Ключ повернулся в замке; дверь отворилась; Генриетта стояла перед Карлом. Сердца их сильно бились: они не смели глядеть друг на друга.
Молча вошли они в гостиную. – Простите меня, – сказала Генриетта.
– Вам простить! – тихо отвечал бедный музыкант. – А какое право имею я укорять вас? Сдержал ли я свое обещание? Так ли я должен был прийти за вашим словом? Я нищий, нищий, повторяю вам, что я нищий! Дайте мне милостыню и прогоните меня…
Глаза Генриетты наполнились слезами.
– Вы несправедливы, – говорила она, – вы жестоки ко мне!
– Я вам говорю, что я нищий, – продолжал Шульц, – я вам говорю, что я нищий. Я учу грамоте детей, я забавляю мастеровых, я лгу и кланяюсь; я кланяюсь, когда меня толкают и бьют… Я вам говорю, что я нищий…
– Прежде вы были тверды против бедствия.
– Да, таков был я прежде, когда все прекрасное находило в сердце моем отголосок. Тогда я летал на крыльях поэзии в мире чудном, где все было чисто и светло. Теперь я устал: крылья подогнулись, я упал на землю.

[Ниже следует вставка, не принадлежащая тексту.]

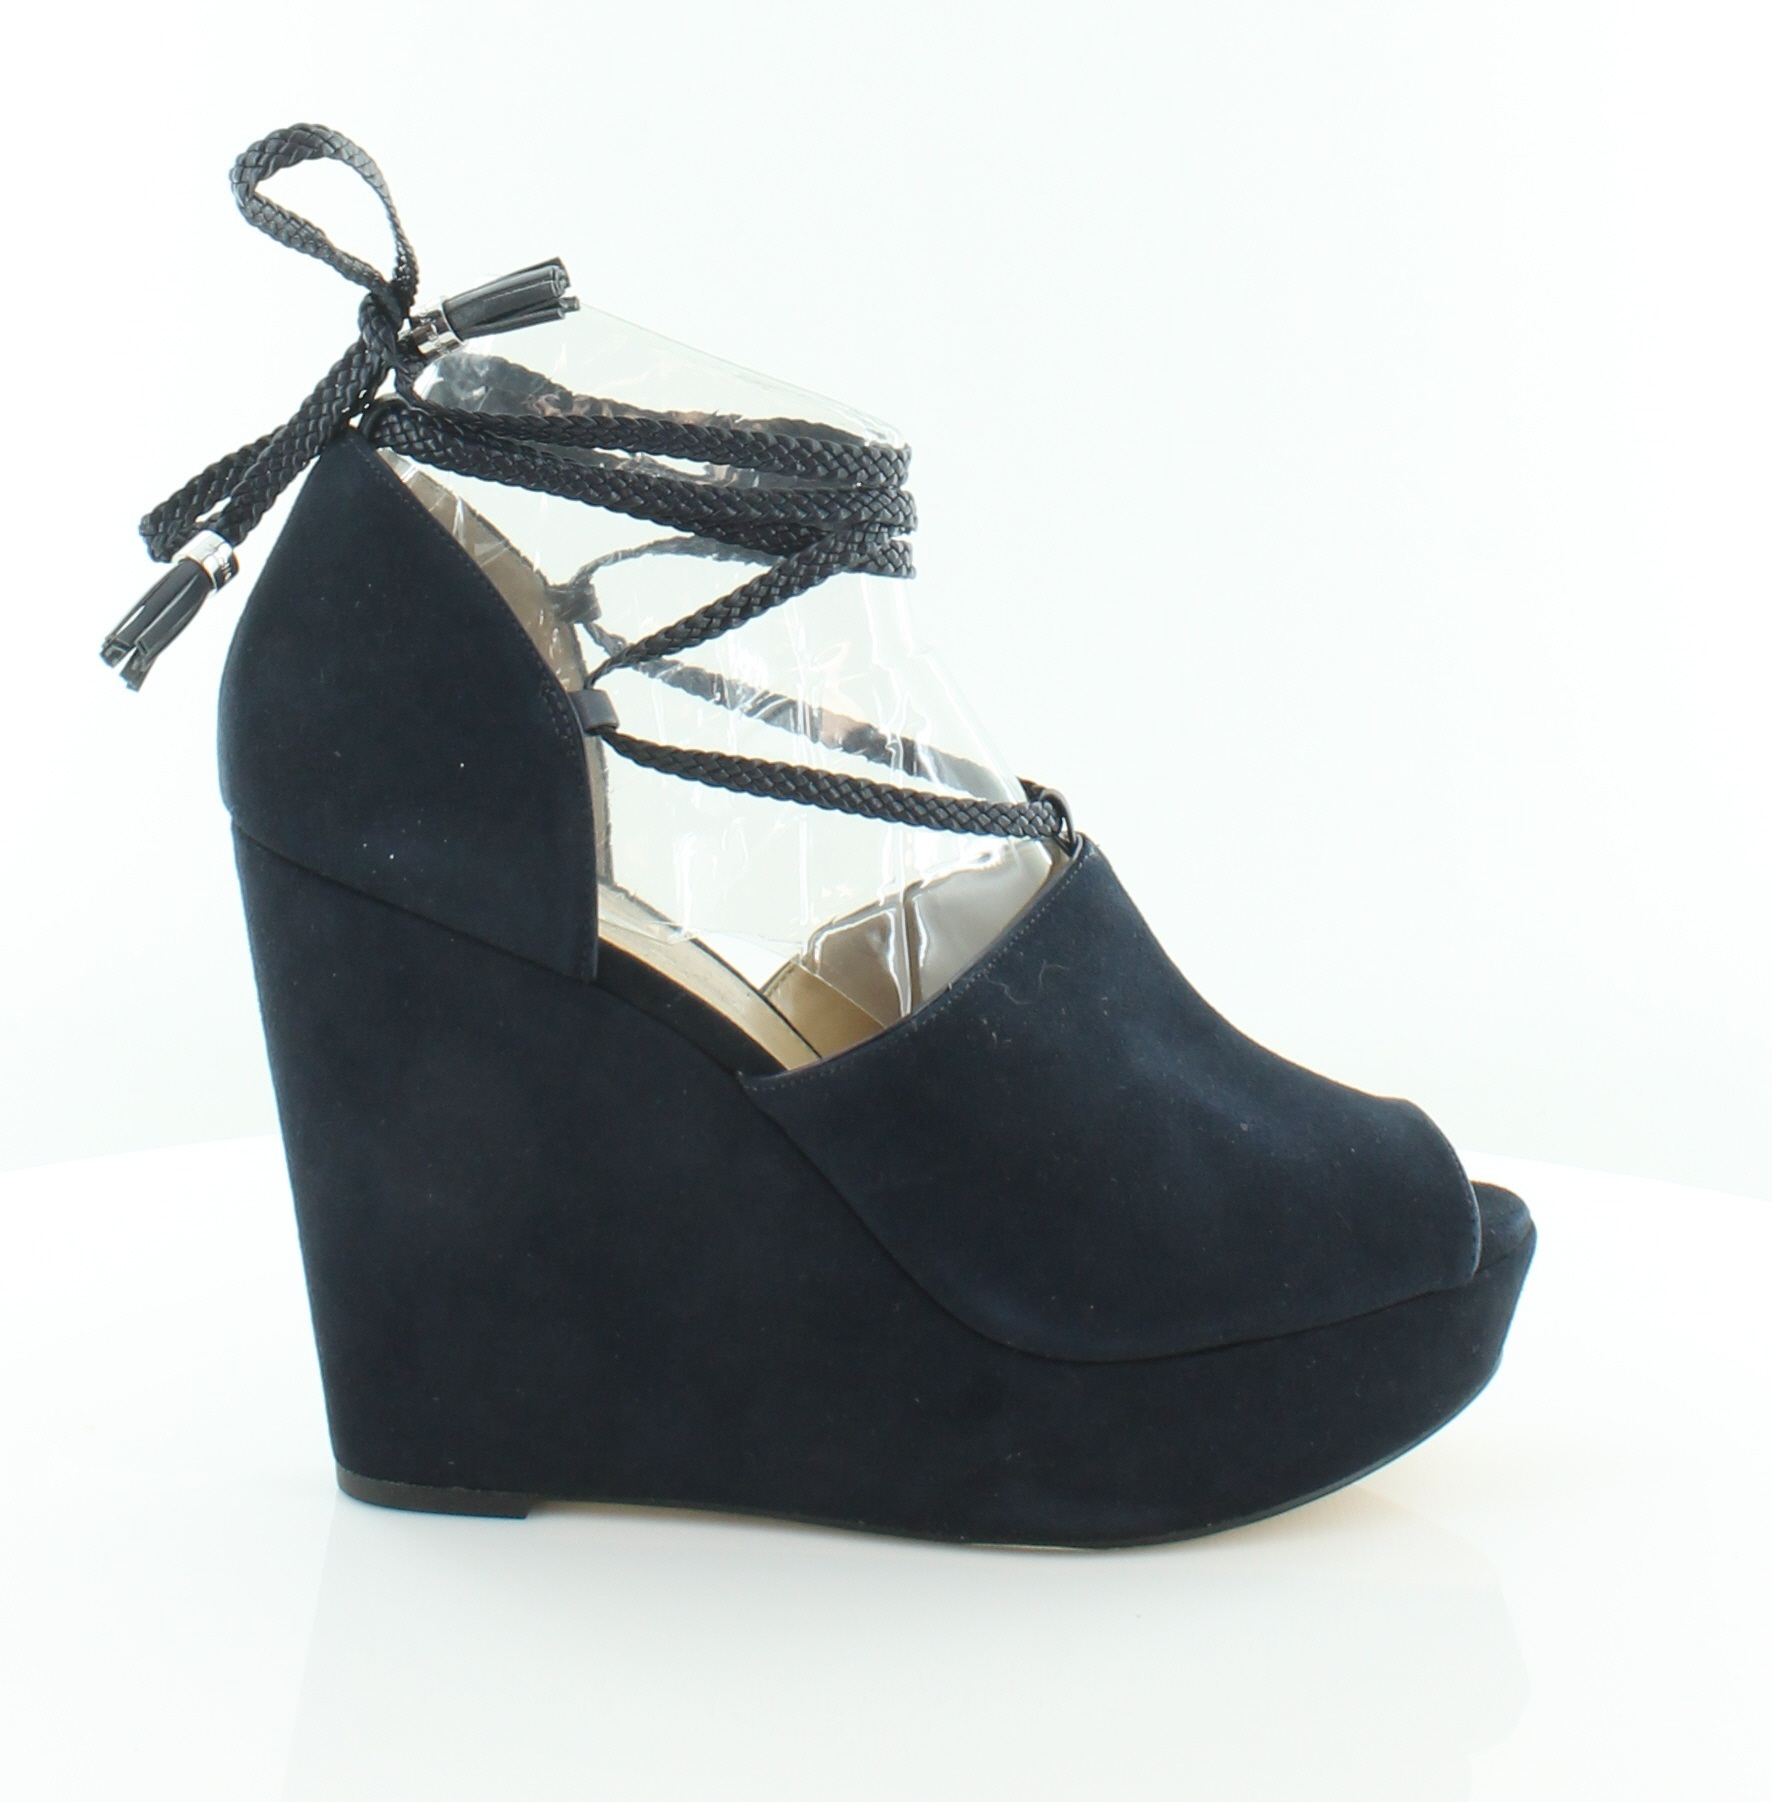 fd44db913b4 Image is loading Michael-Kors-Hastings-Wedge-Sandals-Blue-Womens-Shoes-
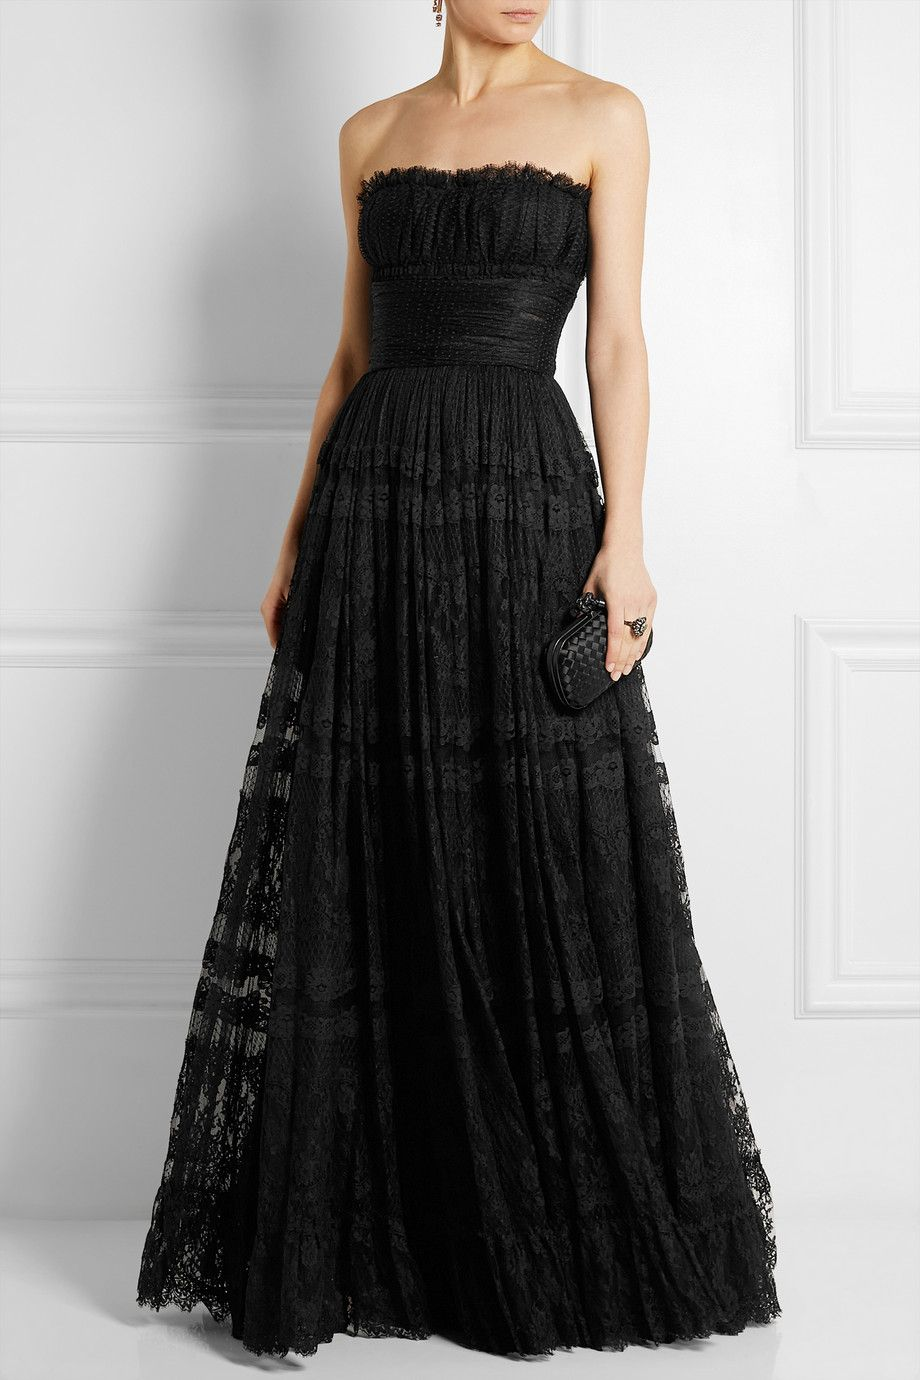 Dolce & Gabbana  Moda para mujer, Vestidos, Ropa

– Оставайтесь на земле, Карл! На земле вы найдете бедную женщину, которая не менее вас страдала, женщину, которая предлагает вам, взамен прошедших обольщений, небесное возмездие возвышенного чувства. Вы не светский человек, Карл, вы поймете, что можно найти удовлетворение своим желаниям в чувстве возвышенном, а не в преступной связи. Я не могу, я не хочу забывать своего супружеского долга – не оттого, чтоб я дорожила мнением толпы, не оттого, чтоб я боялась гнева этого ничтожного человека, которому меня бросили; но оттого, что я не хочу опорочить нашего страдания, которое должно остаться между нами чисто и свято; но для того, что я хочу остаться для вас вашим светлым вдохновением и сохранить вас для себя, как небесную отраду.
Шульц молча стал перед ней на колени.
– Неужели, – продолжала Генриетта, – неужели мы до того малы и ничтожны, что равнодушный расчет существа бездушного может отнять у нас все счастье наше, все наши горячие верования? Неправда, не верьте этому! Пускай свет нас оковывает в свои внешние формы, пускай он налагает на нас, бедных женщин, пятно чужого, ненавистного имени: у нас остается в глубине души святилище сокровенное, куда, без нашего согласия, никто проникнуть не может. Оно наше, наша собственность, наш мир, наше уединение от шума и волнения мирского. Никто не может располагать им без нас; никто не может отнять его у нас. Вы это поняли, Карл, потому что в записке вашей ко мне вы назвали меня своей невестой.
– Да будет ваша воля! – сказал тихо Карл. – Вами моя жизнь, может быть, еще поддержится. Я был очень болен, Генриетта. Вчера мне казалось, что голова моя расстроивалзсь; мне вдруг становилось душно, и странные видения шалили в моей голове. Но это рассеялось теперь от вашего присутствия, как рассеиваются тучи от солнечных лучей. Не отнимайте у меня моего солнца, дайте погреть мне им душу! Без вас, я чувствую, жизни для меня нет.
– Приходите ко мне вечером, – отвечала Генриетта, – завтра, а там послезавтра, и каждый день. Свлдания наши должны быть тайною; мы скроем их от всех, как преступление. Чувство наше должно быть полнее дружбы, выше любви. Оно немногим, весьма немногим было бы понятно. Мы его скроем как святыню – хотите ли?
Шульц сделался совершенным ребенком: то плакал, то смеялся. Радость и горе смешивались в голове его. Он глядел на Генриетту – и душа его таяла от какого-то горестного счастья.
Так прошел целый вечер.
Г-н Федоренко
Есть на свете особый класс людей: маленькие, пронырливые, они служили когда-то в отдаленных губерниях. Как они служили и что они делали в отдаленных губерниях – неизвестно; известно только, что они начали службу с десятью рублями и кончили с полумильоном.
Окончив таким образом осторожно свое наживание, выходят они в предостерегательную отставку и ищут покровительства, чтоб не подвергнуться каким-либо неприятным напоминаниям; большею частью женятся они на воспитанницах знатных барынь и заживают припеваючи.
Муж Генриетты исключительно принадлежал этому сословию.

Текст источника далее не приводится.